El padre de Marta, don Antonio, quiere compartir la búsqueda de los huesos de Marta. Y palada a palada ahonda en la soterra confiado en el milagro. El milagro es su hija muerta, asesinada por una banda de forajidos que hablaron, amaron, rieron, y compartieron con Marta el mundo de los jóvenes. Ninguno de los criminales ha sentido el más mínimo remordimiento. Y ahí están, uno en la cárcel y otros en la calle, atravesando con sus mentiras, sus pistas falsas y sus carcajadas de hiena, la nobleza y la valentía de una familia destrozada.

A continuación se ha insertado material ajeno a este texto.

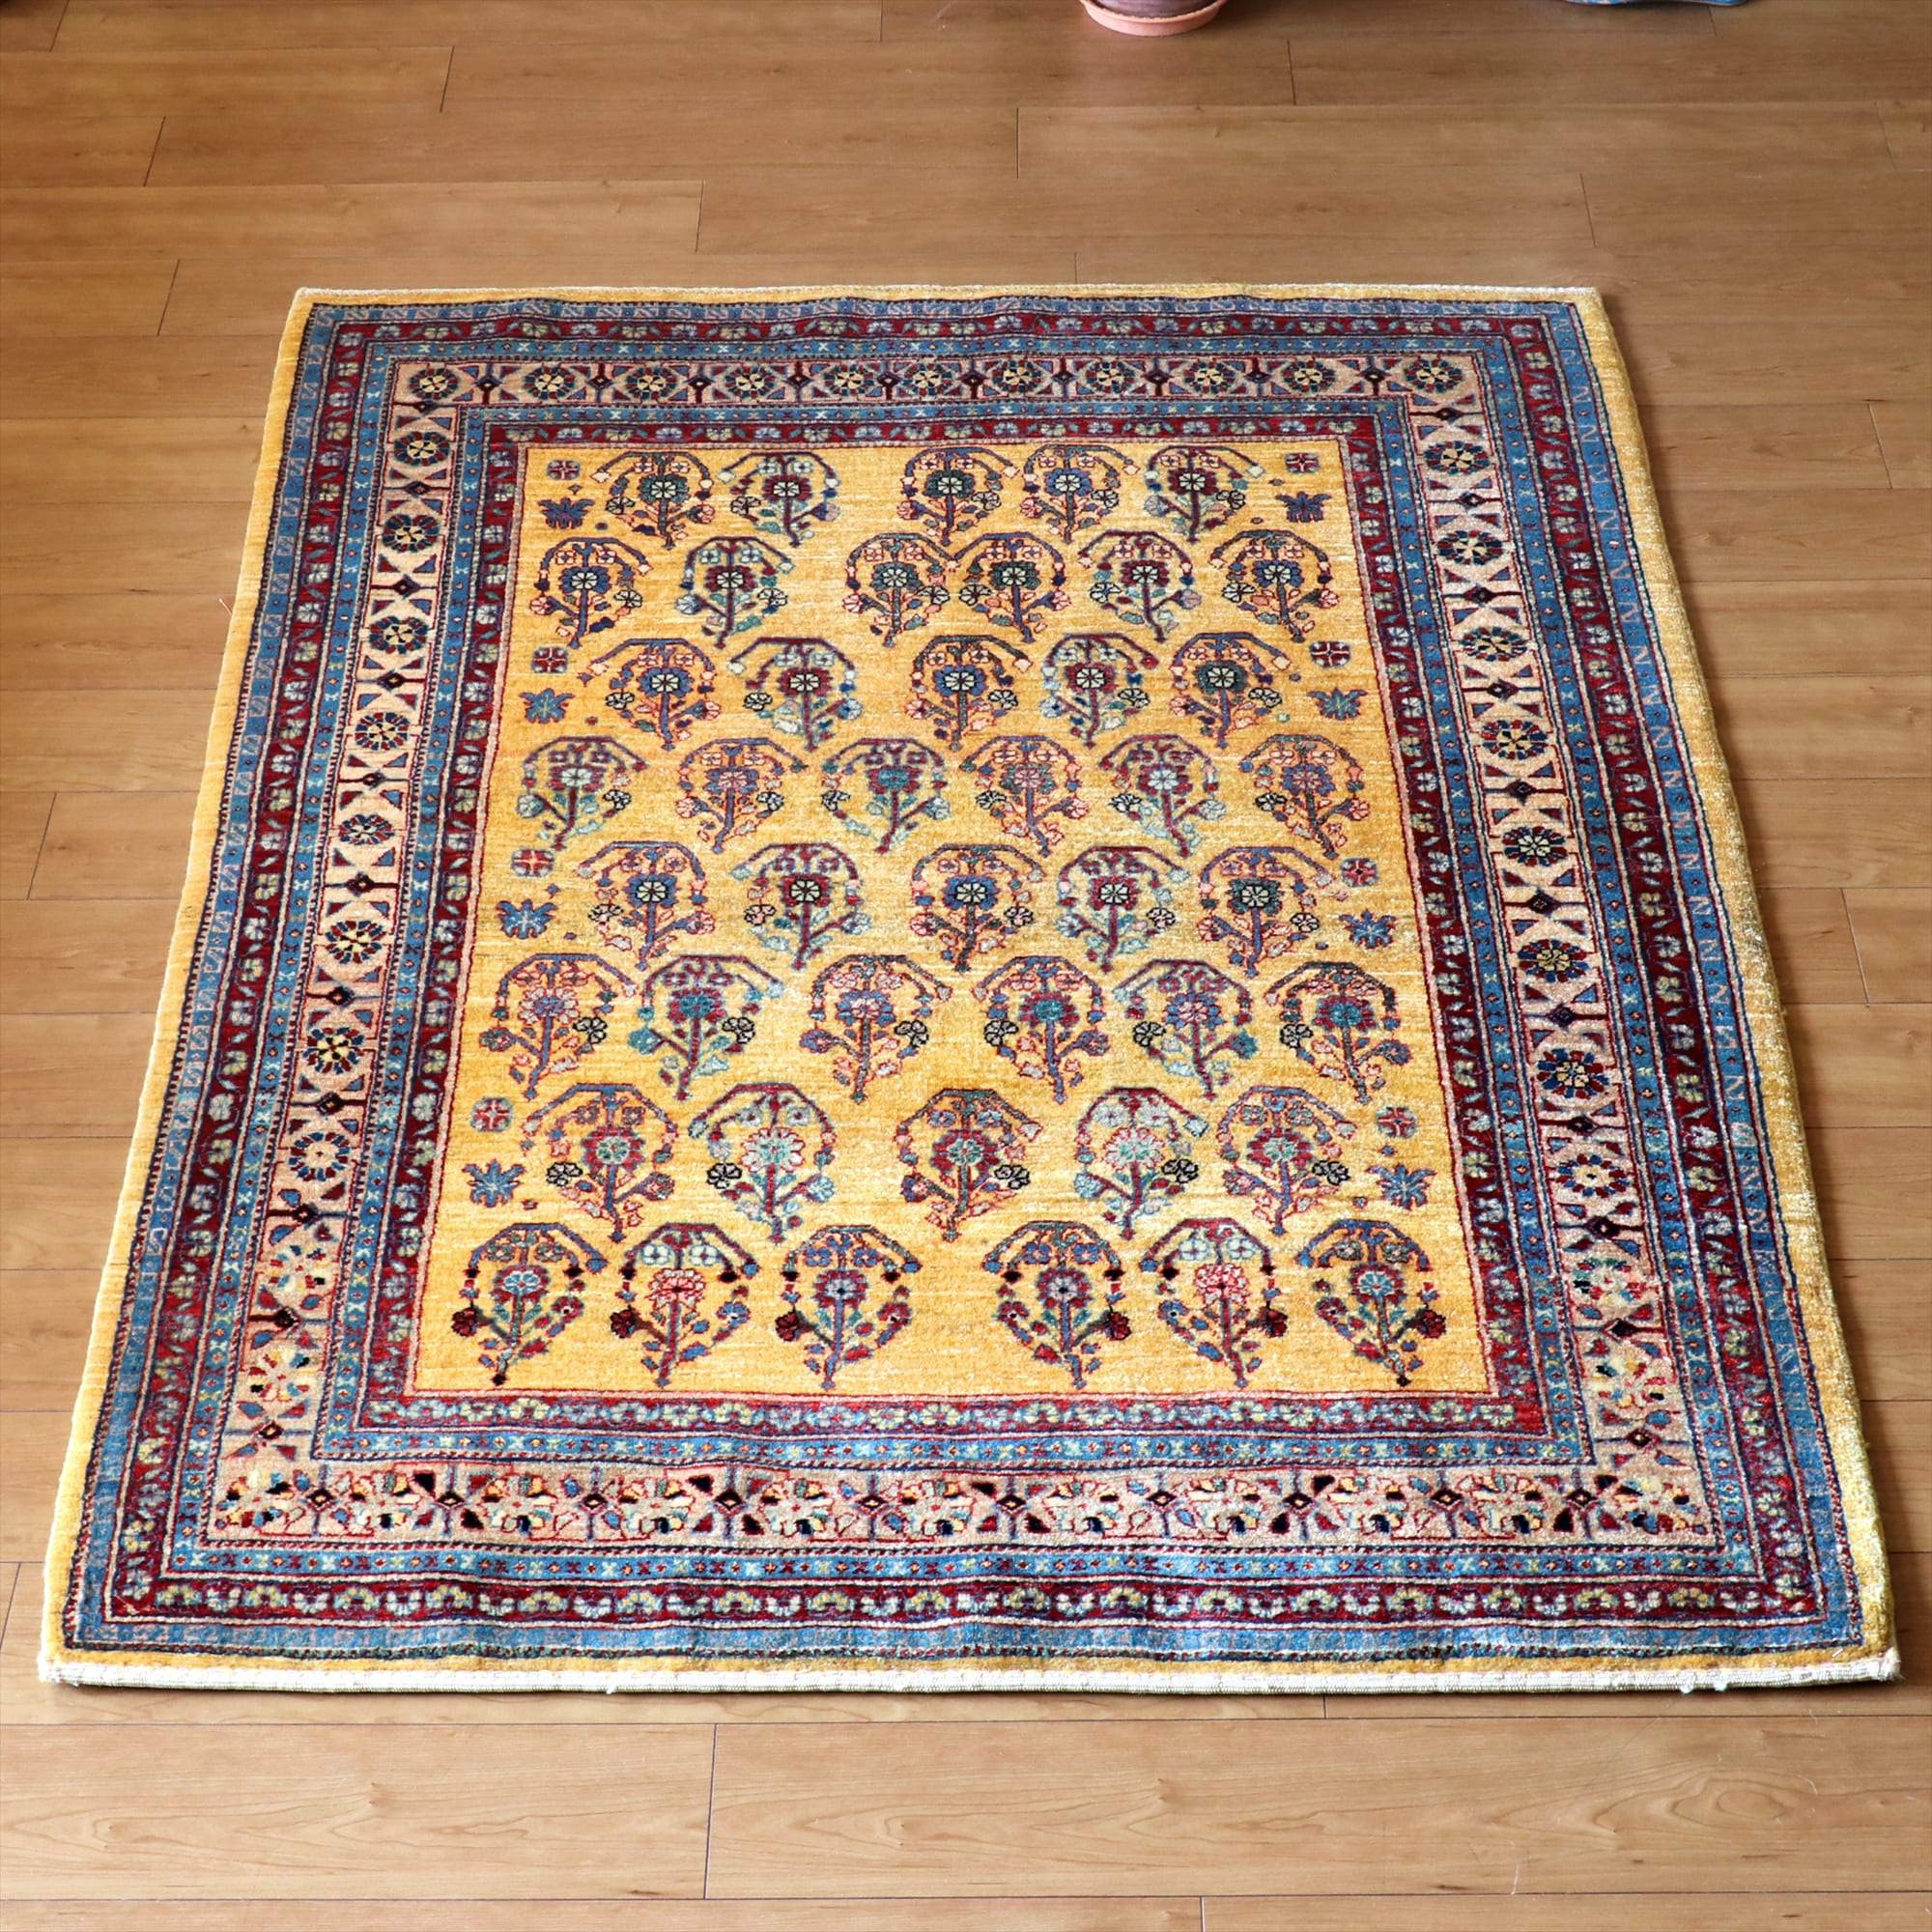 ギャベ ギャッベ・ルリバフ・カシュカイ族の手織りラグ・細かな織りの伝統柄・センターラグサイズ イエロー・クラシカルデザインの花模様

Sucede que ellos se derrumbarán y no el padre de Marta, que es capaz de regar con su sudor toda la piel de los alrededores de Sevilla hasta encontrar los restos de su hija. La perversidad cínica de estos depredadores terminará agrietándose en el momento más inesperado, y todo el muro de su ignominia se convertirá en lo que son los que lo han levantado, un montón de escombros nauseabundos. Se derrumbará Carcaño, o el hermano de Carcaño, o el llamado «Cuco», o la novia del segundo, o la madre del tercero, pero jamás don Antonio, que seguirá palada a palada adentrándose en la tierra para encontrar a su niña. Los asesinos confesos y los sospechosos terminarán pulverizando sus resistencias, o por la ley de las cárceles o por la ley de la vida, la que ellos le arrebataron a Marta. Y vuelvo a la imagen de siempre. El permanente exilio, la huida hacia delante, las miradas clavadas en sus espaldas, el desprecio a sus familias, y ese punto que se rompe y que arrastra toda la inmundicia construida con la mentira permanente. Ellos se derrumbarán, y si tardan en hacerlo, un hombre no dejará de socavar la tierra, regándola con su sudor de padre, hasta que tropiece su pala con los huesos de Marta.

«No hay que precipitarse», dicen los legisladores. Pues sí. Estamos muy necesitados de una precipitación legal que deje de amparar a los asesinos. De un golpe sobre la mesa. Un golpe rotundo, como el sudor de un padre que busca bajo la tierra los huesos de una hija.